Chill, He's Just An Alien

I really have no idea what to make of Paul:



I have no idea, given how deeply they've become embedded into my understanding of clever-things-I-like, if I was as disoriented by the genre mashups that were Shaun of the Dead and Hot Fuzz. Maybe the problem with this is that I can't quite figure out what the clever juxtaposition is? Buddy comedy with alien movie, I suppose? I do like the insinuation that it's far more disturbing when people you think you know do slightly strange things than when entirely alien beings proceed in their own entirely alien way, and that first contact might prove to be no big deal. Nick Frost and Simon Pegg are clever enough to pull off worse comedies, I suppose. I just hope there's something slightly more insane here than we're seeing in the trailer, some spark of inspiration that doesn't feel quite so derived from Men In Black.

Nanjing Heroes

I feel like I don't mention the New York Review of Books enough on this blog. Next to the New Yorker, it may be the finest periodical in the country, and the attention that it gives to culture is even more sustained, but a lot of its archives are behind a paywall, and so during the period when my subscription lapsed, I wasn't always up to date and linking. All of which is to say that Perry Link's piece on China's journey to this year's Nobel Prize, in the form of a review of two contemporary Chinese books, is excellent, and you should read it while you still can. As much as the book is an explanation of those books, one a novel about the internet's impact on Chinese dissent and ordinary Chinese citizens, and one a history of famine in the Cultural Revolution, it's also an essay that I think powerfully explains China's meaning on American movie screens.

It's notable to me that for China's rise in the world, we haven't really figured out where China fits into our movies. The USSR no longer exists, but Russia is still a vague synonym for the enemy even though the Cold War is over. In action movies, skirmishes with China can be a pretext or a red herring, but they're not the main event, mostly because we haven't figured out what we'd want the main event to look like. A viable, independent Chinese democracy might be a compelling political and human rights goal, but it's not easy to translate uprisings on the scale that would be necessary to create true change into a cinematic structure with a few main characters (Tom Clancy's The Bear and the Dragon may be the only extant story I can think of that would lend itself to such translation, and would have a built-in American audience). I don't think, despite worries about China's rising military and economic power, that American audiences would get super-excited about movies that had the American military clashing with China.

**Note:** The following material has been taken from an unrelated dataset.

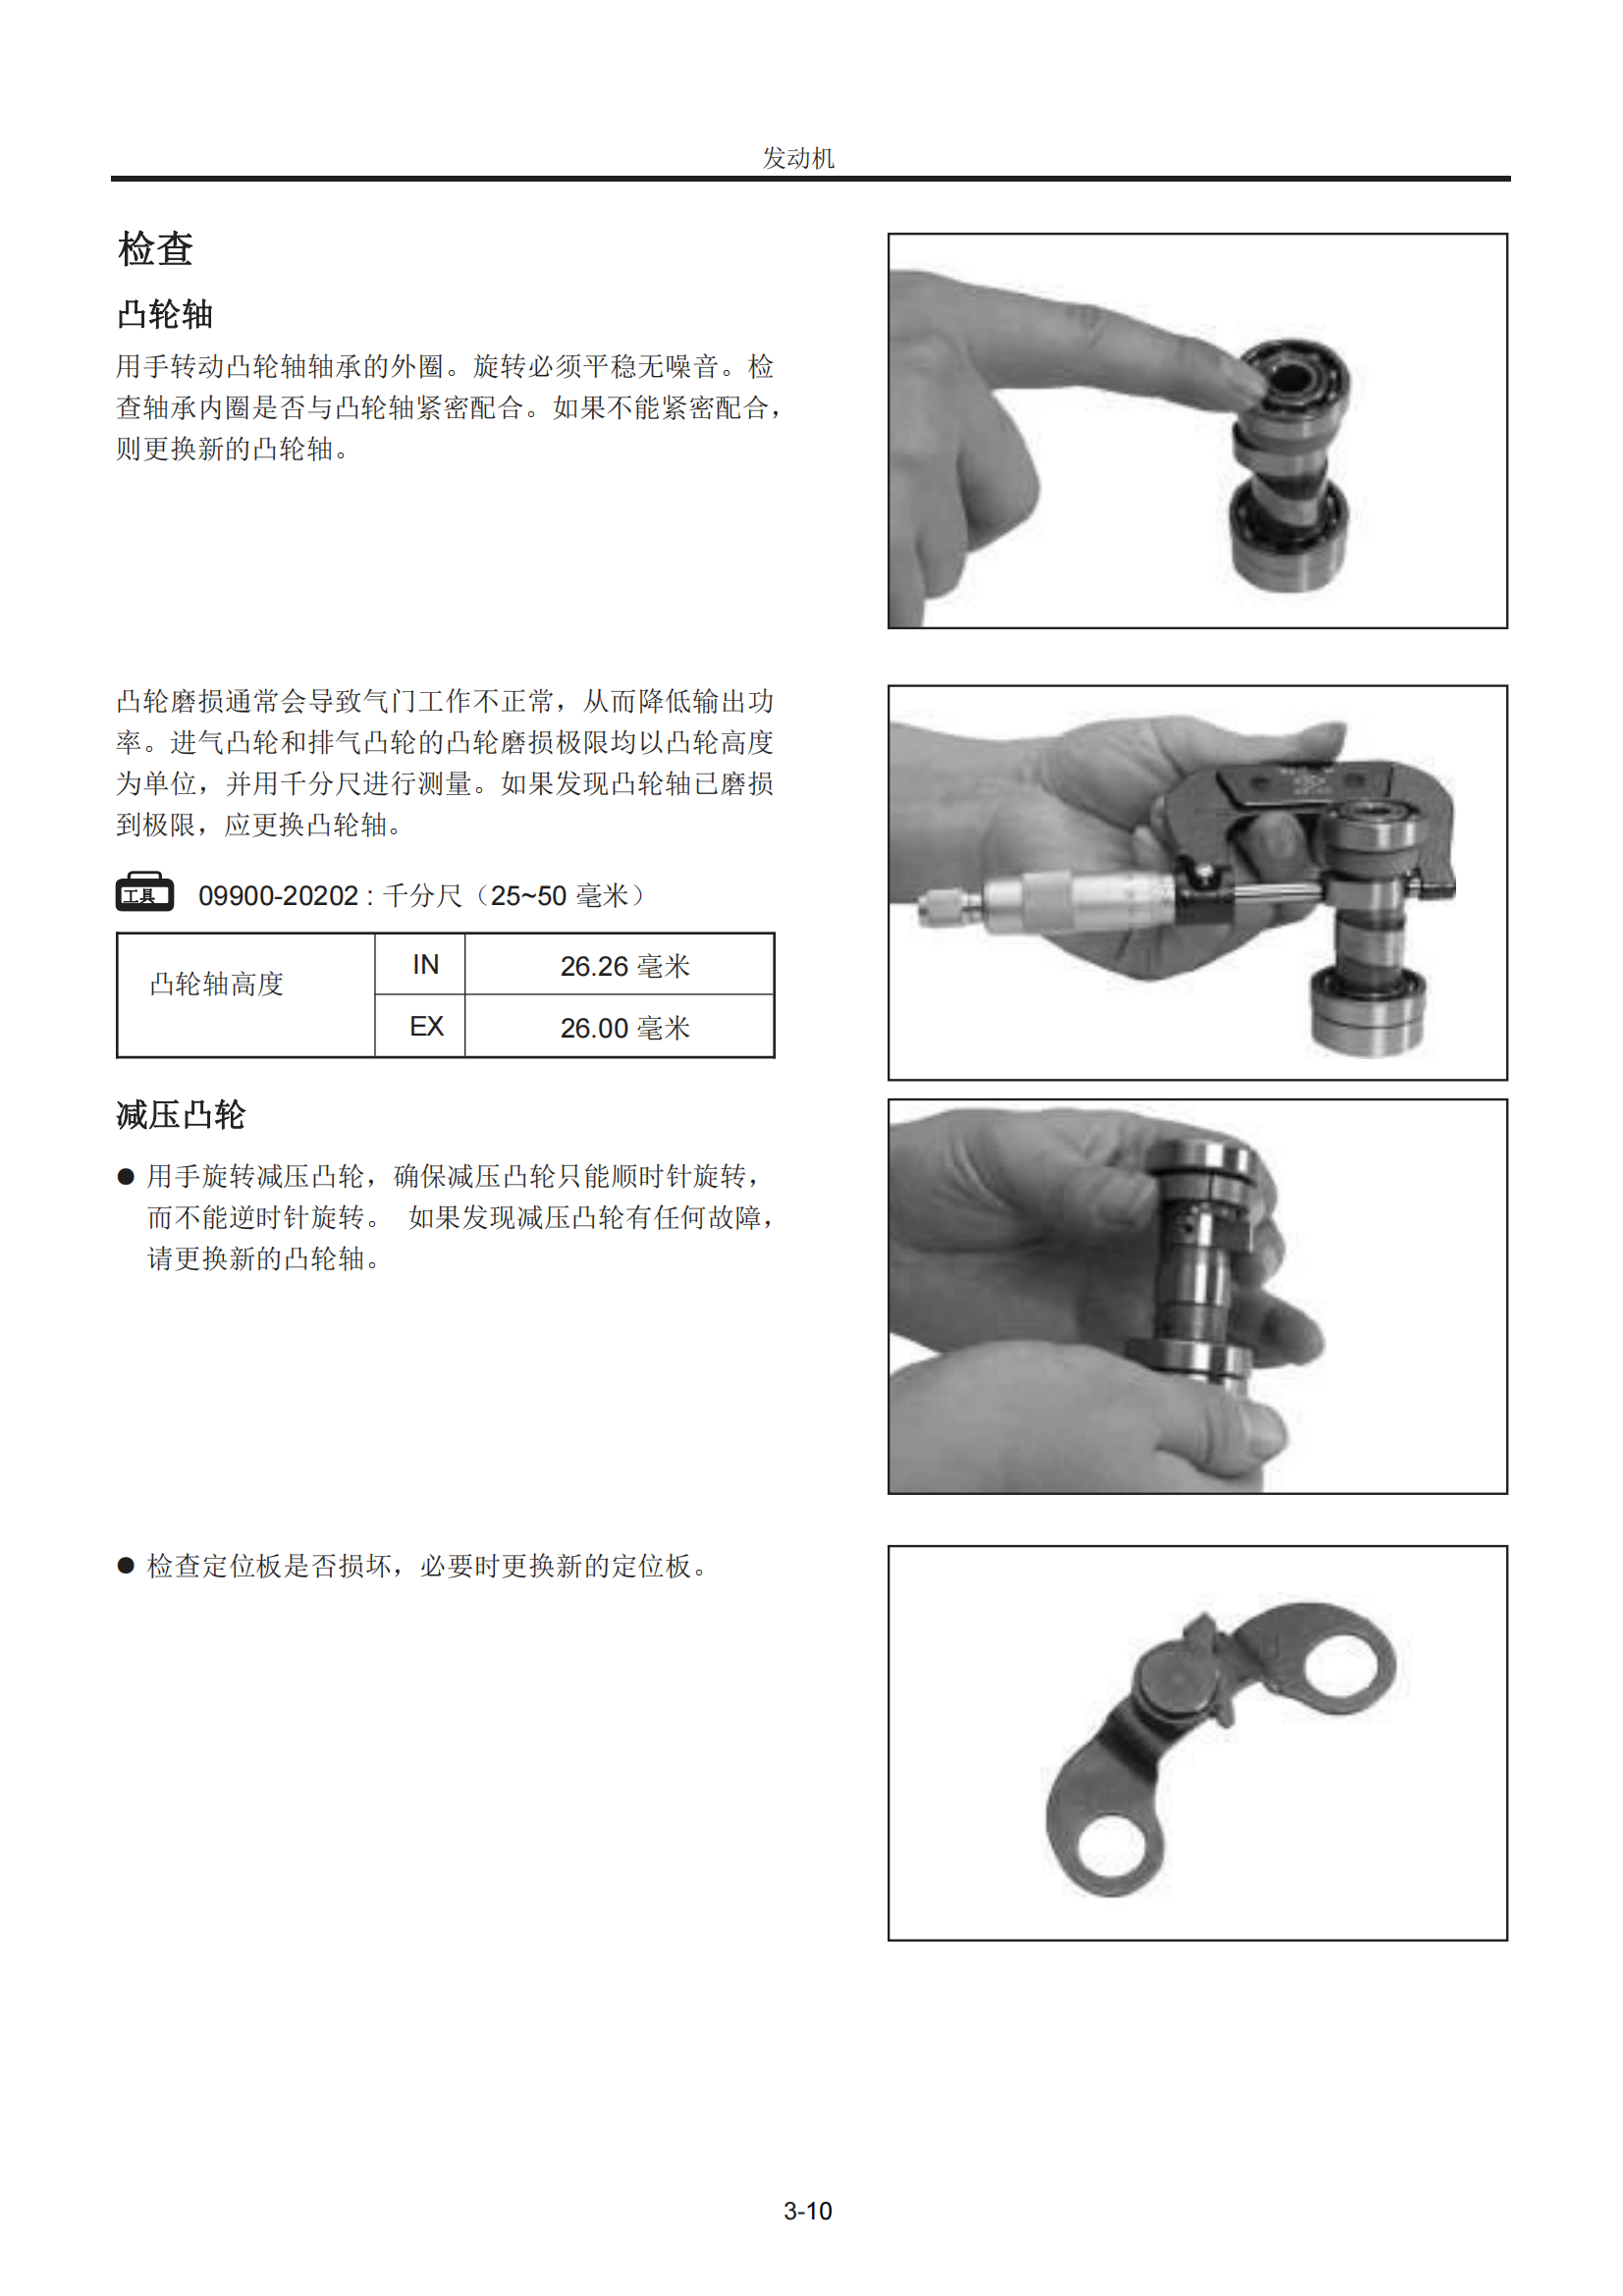 简体中文2008年豪爵HJ110-2 HJ110-2A维修手册插图3

Because we can't separate the regime and the people on-screen, because we haven't figured out what we want the future to look like, we turn to the past. The fact that Christian Bale will be staring in a movie about the Nanjing massacre made by a significant Chinese director seems like an obvious detente. An English-speaking actor fronts a movie controlled by someone with semi-nationalist sensibilities (the same director did the opening ceremony of the Beijing games) in a movie that shows the Chinese as victims of dishonorable incursion, but suggests that Americans have a role to play in standing up for decency and the Chinese people. It'll be curious to see who it resonates with.

Second String

I often think that the careers of folks who started out as Daily Show correspondents is illustration of why supporting actors are so important. Take Cedar Rapids, in which Ed Helms is clearly the supporting actor in his own movie:



Without that slight blank, cheerfulness, though, the other characters wouldn't have the catalyst they need to turn in what looks like a reasonably amusing series of performances. On the opposite end of things, John Oliver is just a genius of disruptiveness as Professor Ian Duncan on Community:



His character doesn't fully gel with the dynamic of the cast, and his persistent loopiness might be too much if it was on the show all the time (I think Community's achieved a nice balance, after basically ignoring the character for most of last season). But it's excellent leavening, a reminder that the characters have turned a lot of weird things into a fairly consistent level of normal, but that the world around them is stranger still. It's beautifully proportioned.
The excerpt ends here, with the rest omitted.